Saturday, March 26, 2016


This is the story of a man, his restaurant(Jiro’s restruant is an expensive one with a meal starting at around 300 bucks for a meal which can last as little as 15 minutes. Of course if you want to go you’re going to have to book a month or more in advance), his sons and his sushi.

It’s a loving portrait of a man who lives for his work and what it takes to be the best. Beautifully shot, with a heavy use of Philip Glass music this is a great little film that makes you want to go out and have some sushi (several people at the end of the screening were going to head across the street to get sushi.) This is a neat portrait of wiley old man who strives to always improve and be the best at making sushi and has been awarded with accolades from around the world as a result.

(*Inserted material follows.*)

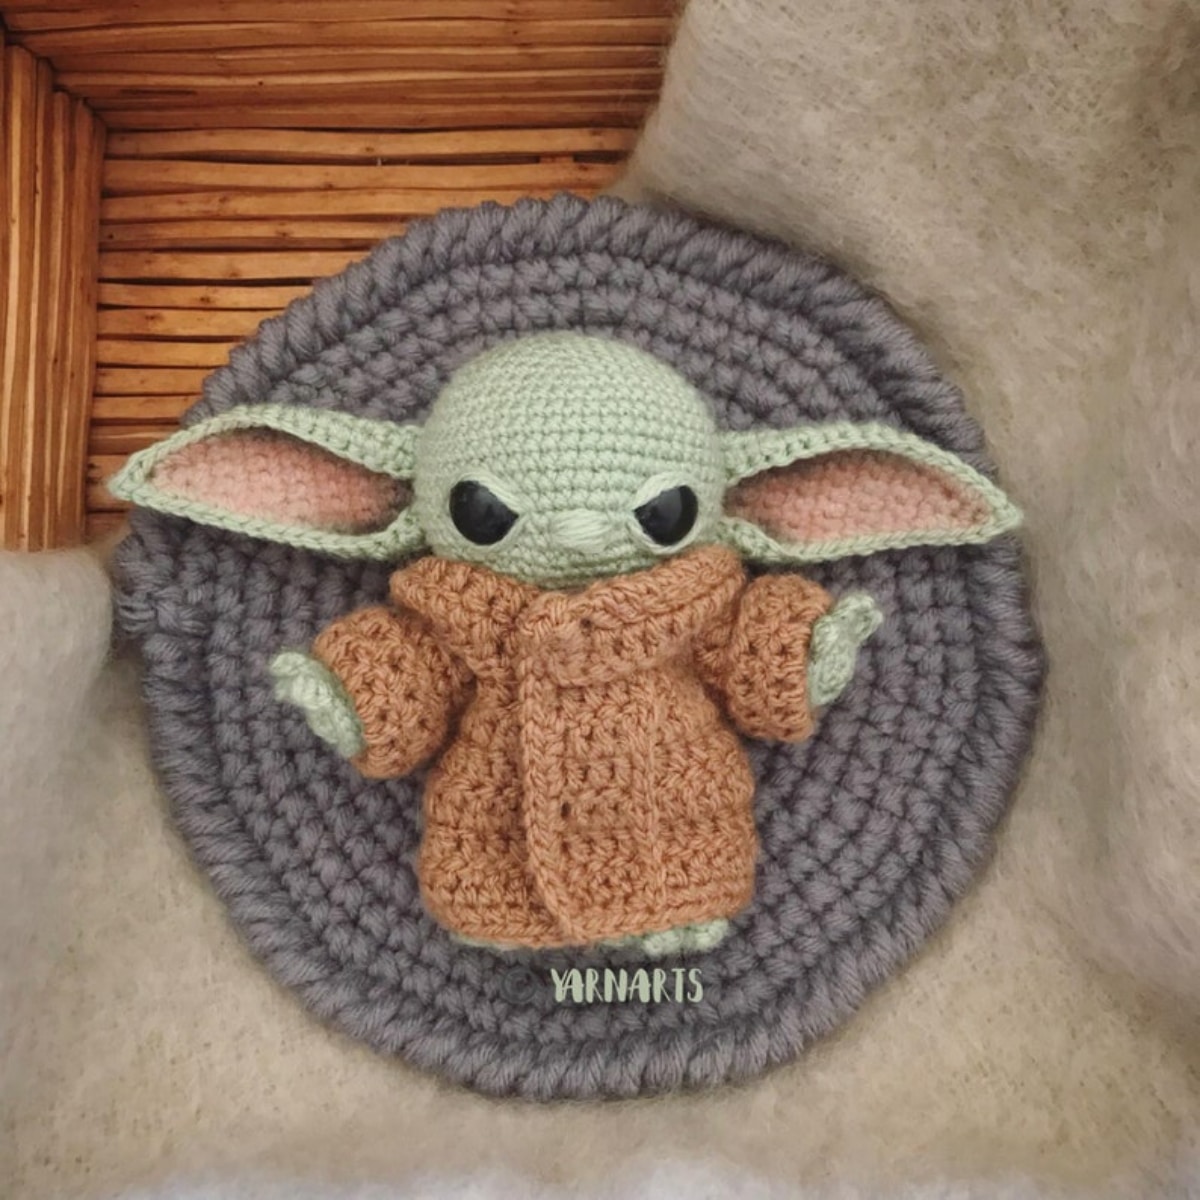 Small green crochet baby Yoda with pink ears wearing a brown robe and lying in a gray crochet pod.

A tough task master Jiro puts his apprentices and sons through rigorous training, and he freely admits that if it wasn’t for their preparation of the staff he wouldn’t look so good at preparing the food for the guests.(There is revelation late in the film about the Michelin award- which reveals how good his training is).

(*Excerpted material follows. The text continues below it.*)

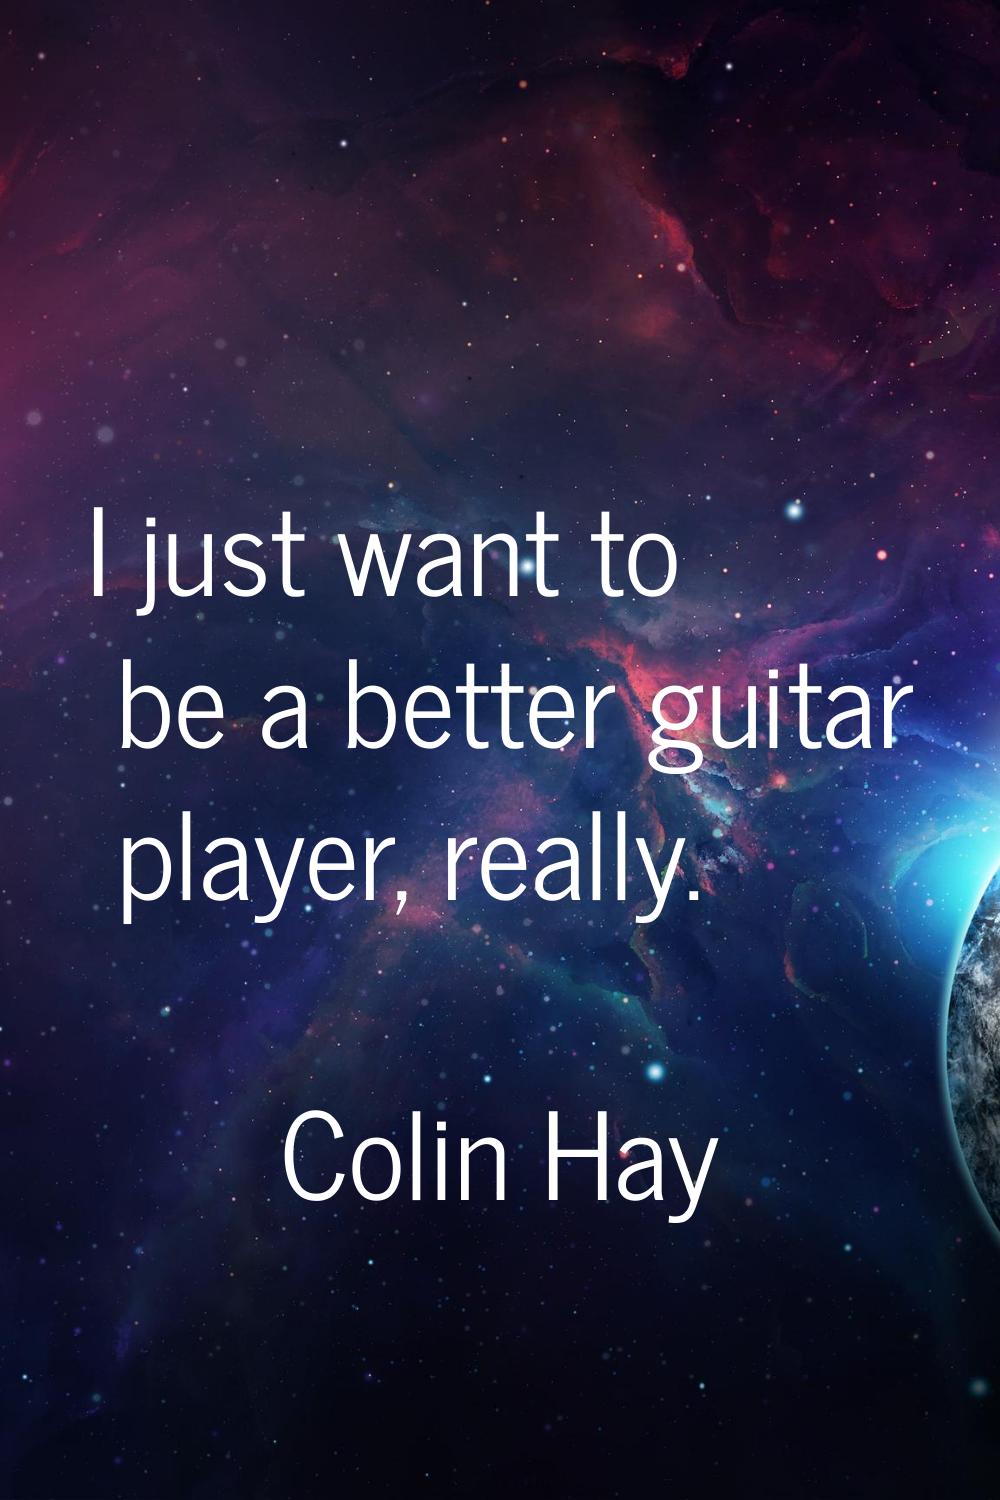 I just want to be a better guitar player, really.

Sadly Jiro and his eldest son can kind of see the end of the road for them and their restaurant. As they note the amount of fish is rapidly declining due to over fishing thanks to the explosion of sushi across the world.Sushi was once an expensive delicacy but now is available everywhere.(This film is an interesting counter point to the Oscar winning film The Cove about the men who fish for the fish that become sushi.) I liked this film a great deal.